When the Stanford University Vision Lab introduced ImageNet at the Conference on Computer Vision and Pattern Recognition (CVPR) in 2009, it was much larger than many previously existing image data sets. The ImageNet data set contains millions of photos and was assembled over the span of more than two years. ImageNet uses the WordNet hierarchy for data labels and is widely used as a benchmark for object recognition models. Until 2017, annual competitions with ImageNet also played a role in advancing the field of computer vision.

But after closely examining ImageNet’s “benchmark task misalignment,” the MIT team found that about 20% of ImageNet photos include multiple objects. Their analysis across multiple object recognition models revealed that having multiple objects in a photo can lead to a 10% drop in general accuracy. At the core of these issues, the authors said, are the data collection pipelines used to create large-scale image data sets like ImageNet.

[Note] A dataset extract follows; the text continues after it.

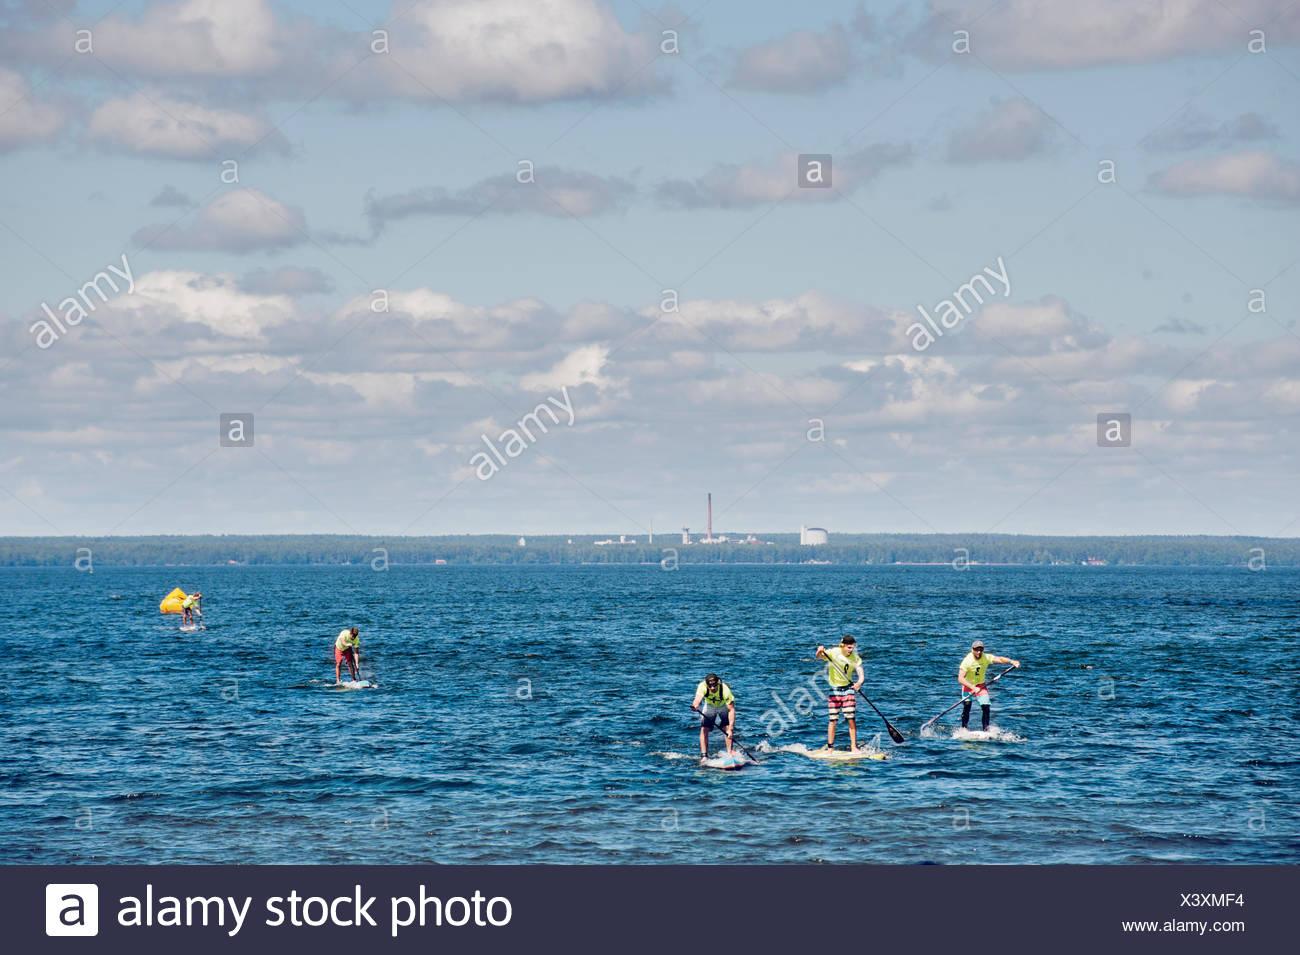 Finland, Varsinais-Suomi, Eura, Lake Pyhajarvi, Young men paddleboarding on lake - Stock Image

“Overall, this [annotation] pipeline suggests that the single ImageNet label may not always be enough to capture the ImageNet image content. However, when we train and evaluate, we treat these labels as the ground truth,” report coauthor and MIT Ph.D. candidate Shibani Santurkar said in an International Conference on Machine Learning (ICML) presentation on the work. “Thus, this could cause a misalignment between the ImageNet benchmark and the real-world object recognition task, both in terms of features that we encourage our models to do [and] how we assess their performance.”

According to the researchers, an ideal approach for a large-scale image data set would be to collect images of individual objects in the world and have experts label them in exact categories, but that’s not cheap or easy to scale. Instead, ImageNet collected images from search engines and sites like Flickr. Images scraped from the internet search engine were then reviewed by annotators from Amazon’s Mechanical Turk. The researchers note that Mechanical Turk employees who labeled ImageNet photos were directed to focus on a single object and ignore other objects or occlusions. Other large-scale image data sets have followed a similar — and potentially problematic — pipeline, the researchers said.

To evaluate ImageNet, the researchers created a pipeline that asked human data labelers to choose from multiple labels and pick one that was most relevant to the photo. The most frequently selected label was then used to train models to determine what the researchers call an “absolute ground truth.”

“The key idea that we leverage is to actually augment the ImageNet labels using model predictions. Specifically, we take a wide range of models and aggregate their top five predictions to get a set of candidate labels,” Santurkar said. “Then we actually determine the validity of these labels by using human annotators, but instead of asking them whether a single label is valid, we repeat this process independently for multiple labels. This allows us to determine the set of labels that could be relevant for a single image.”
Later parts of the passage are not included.